=== Begin Enclosure ===

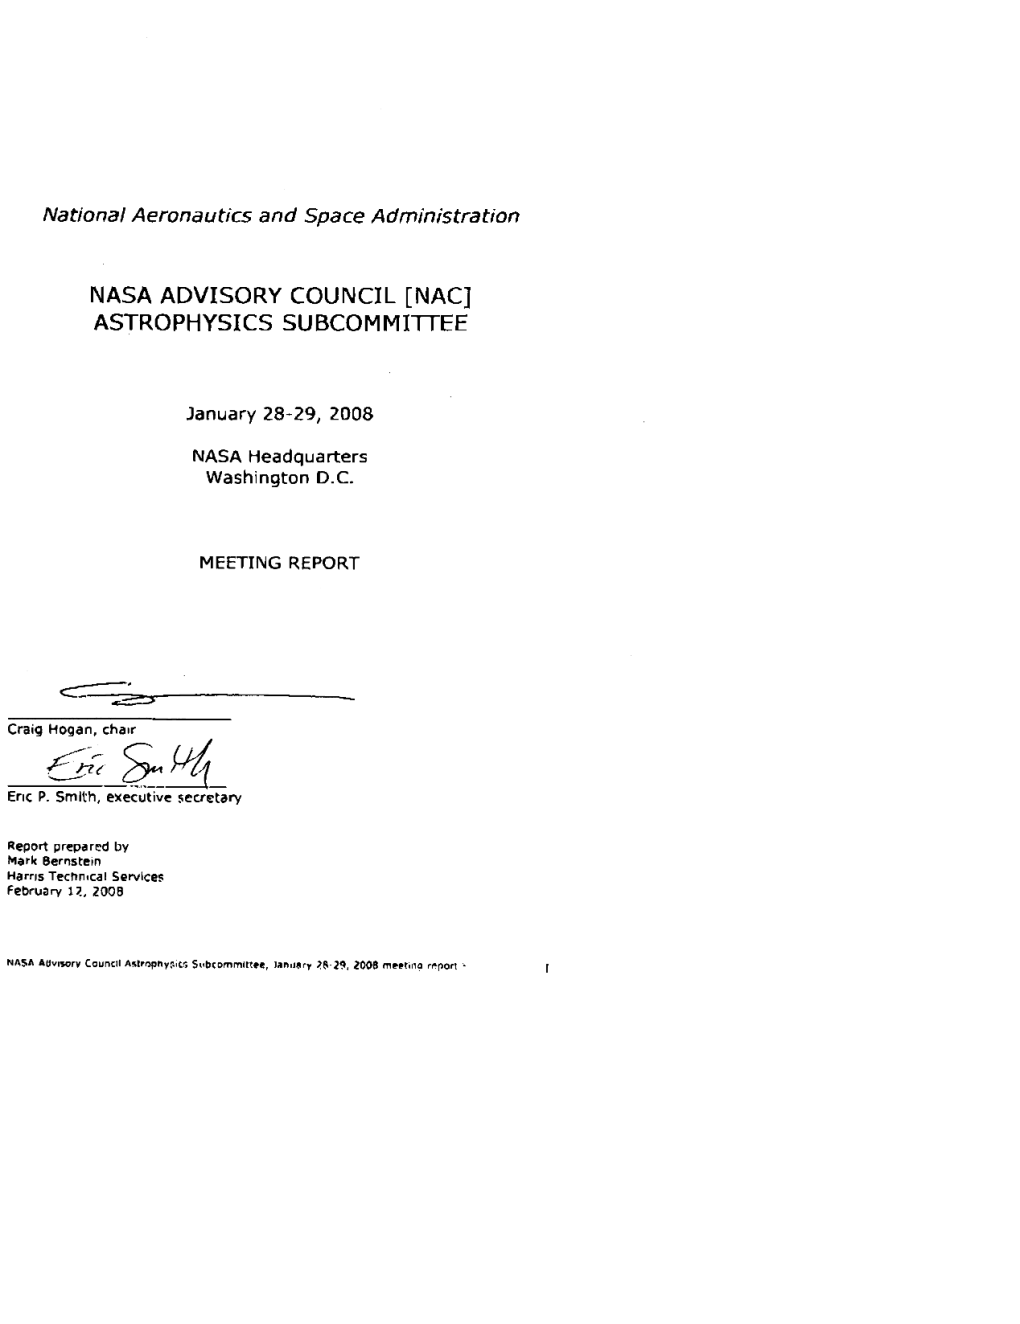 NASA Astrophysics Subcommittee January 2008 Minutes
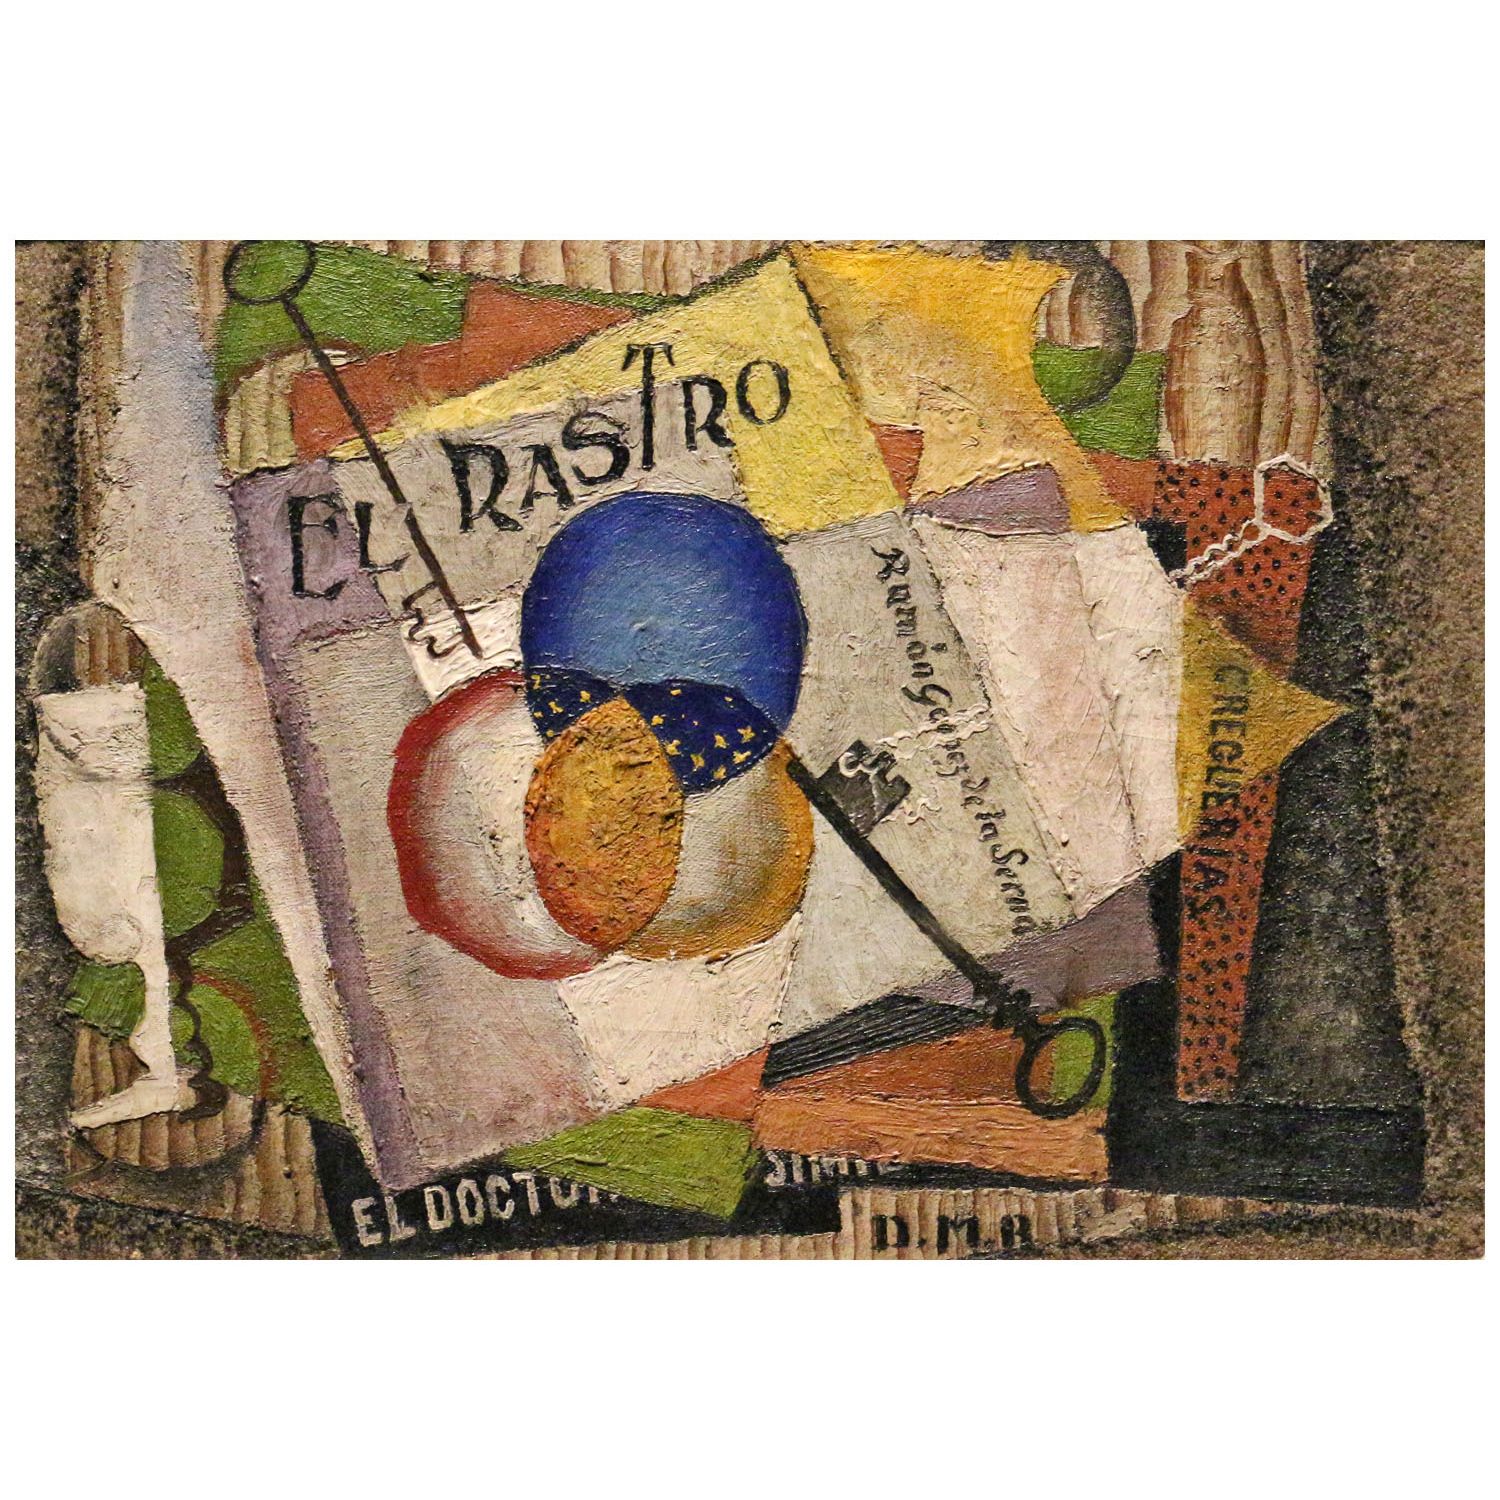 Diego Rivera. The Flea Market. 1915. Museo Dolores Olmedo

=== End Enclosure ===
=== Begin Enclosure ===

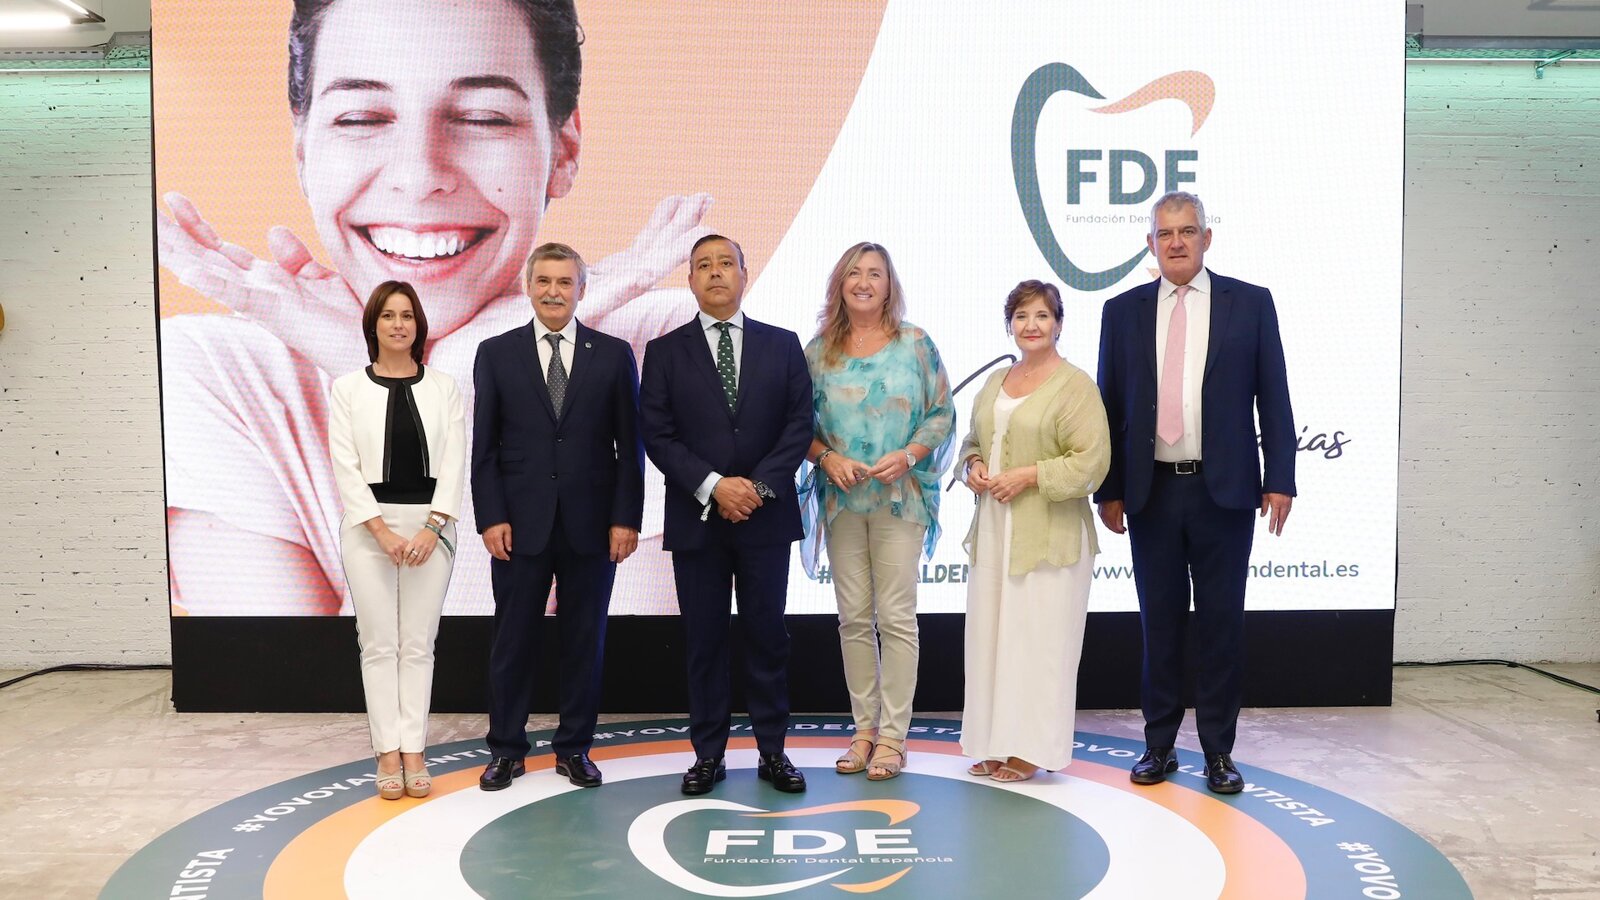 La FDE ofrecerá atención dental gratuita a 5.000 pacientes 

=== End Enclosure ===

WHAT THE TASK REQUIRES => The lines to reproduce run from the one above containing "NASA Astrophysics Subcommittee" through the one containing "Diego Rivera. The". Copy them exactly and leave out all pictures.

YOUR SOLUTION =>
 NASA Astrophysics Subcommittee January 2008 Minutes
 Diego Rivera. The Flea Market. 1915. Museo Dolores Olmedo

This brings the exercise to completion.